3.2.6 Comparison with contemporary deep learning-based solutions
The PSNR and SSIM results for both the training schemes the noise profiles, and the resolution profiles were compared with UNET++ (Zhou et al., 2018), UNET (Ronneberger et al., 2015), and NMB-TCB (Zhang et al., 2021). For fair comparison, we perfomed 5-fold cross validation for these models with the same learning rate, number of epochs, and early stopping patience for training as used with proposed model and report mean PSNR and SSIM results. Table 7 presents a comparison of the mean PSNR and SSIM values for the datasets, and also enlists the GCNR results for the SOD-Ground dataset. Although, the PSNR values for BUS dataset do not show a significant improvement, it can be seen that using the proposed method and the US image formation physics knowledge in the training can bring noticeable improvements in the SSIM values for BUS dataset. Moreover, it is also evident from the comparative results that the proposed method outperforms all the other methods in-terms of both PSNR and SSIM. It can also be seen that the PSNR and SSIM values of the proposed method on the SOD datasets also improved greatly using the proposed method which advocates the robustness of our proposed method.
TABLE 7. Comaprison of PSNR, SSIM, and GCNR results. The mean input PSNR for BUS dataset is 26.0071 ± 2.3083 dB, SOD-image dataset is 12.1587 ± 0.7839 dB, and SOD-Ground dataset is 12.5272 ± 0.8243 dB. The mean input SSIM for BUS dataset is 0.7098 ± 0.0761 dB, SOD-image dataset is 0.5570 ± 0.1205 dB, and SOD-Ground dataset is 0.1556 ± 0.1451 dB. The mean input GCNR for SOD-Ground dataset is 0.9936 ± 0.0039.
We also calculated GCNR for the SOD-ground dataset to evaluate the improvement in contrast in the output images of the proposed method compared to the other methods. GCNR is an image quality index based on the overlap area of the probability density function inside and outside the target area (Rodriguez-Molares et al., 2018). The GCNR results are presented in Table 7. It is evident from the table that the proposed method outperforms all other deep CNN models in-terms of GCNR. To summarize, it can be observed from the ablation studies and comparative results that the proposed deep CNN-based US image enhancement method can not only perform speckle noise reduction, but can also preserve the texture information by leveraging the fusion of receptive fields of different sizes in the resolution enhancement network. It can also be concluded from the results that augmenting US image formation physics informed data with the real-world US datasets can improve the performance as well as generalization ability of deep learning-based US image enhancement methods.

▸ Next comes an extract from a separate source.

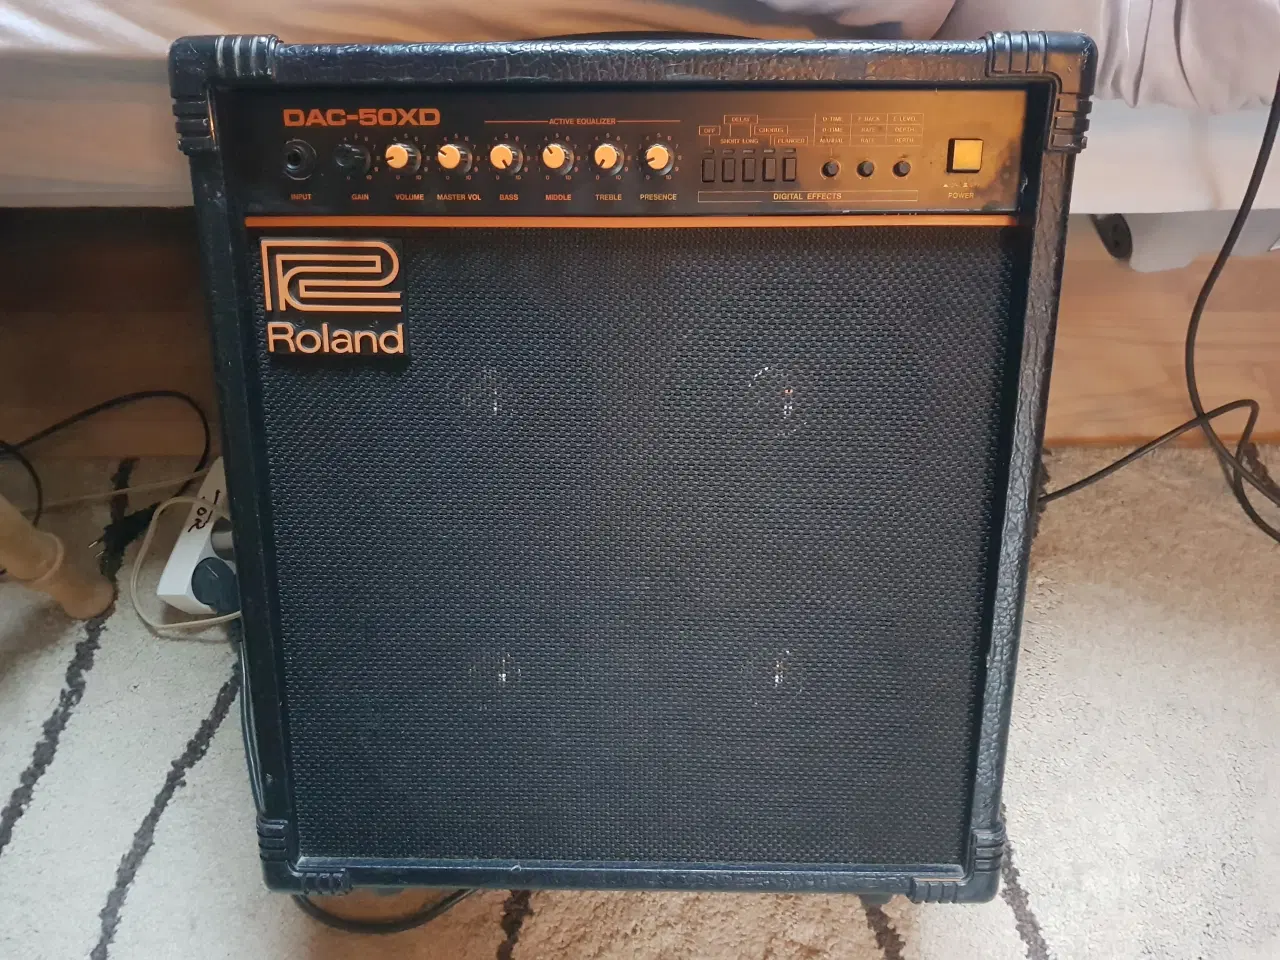 Billede 2 - Guitarcombo, Roland DAC-50 XD, 50 W

3.2.7 Comparison with conventional speckle-denoising methods
To provide a comparison with conventional ultrasound speckle denoising techniques, different algorithms are selected to represent diverse filtration techniques, herein we implemented three popular methods namely Probabilistic Patch-Based filter (PPB) (Deledalle et al., 2009), speckle-reducing anisotropic diffusion (SRAD) algorithm (Yu and Acton, 2002; Aja-Fernández and Alberola-López, 2006) and image filtered using non-local low-rank (NLLR) normal filtration (Zhu et al., 2017) and compare them with the proposed model trained on noise profile II (Rayleigh noise variance = 0.1, Gaussian filter standard deviation = 0.7). The codes for PPB and NLLR are downloaded from their official sites while for SRAD the official MATLAB built-in functions of specklefilt is used. For SRAD, default settings were used whereas for PPB, the noise levels are set to 2, and filter size of 3 × 3 was used, while for NLLR, the same configuration i.e., beta = 10, and H = 5 is used for generating ground truths is used here as well.
As mentioned earlier, a major limitation of conventional image denoising methods is that they are designed to remove specific noise only, and do not improve the overall image quality e.g., resolution, contrast, etc. From the results in Figure 9 it can be seen that the proposed method does not only reduce speckle but also improves the overall quality and enhances the anatomical structural detail and overall contrast. The contrast-recovery (CR) scores for each method are shown with their corresponding results. For contrast-recovery calculation mean pixel intensities of two regions-of-interest (ROIs) are compared, the ROIs are shown in blue/orange masked region of input images.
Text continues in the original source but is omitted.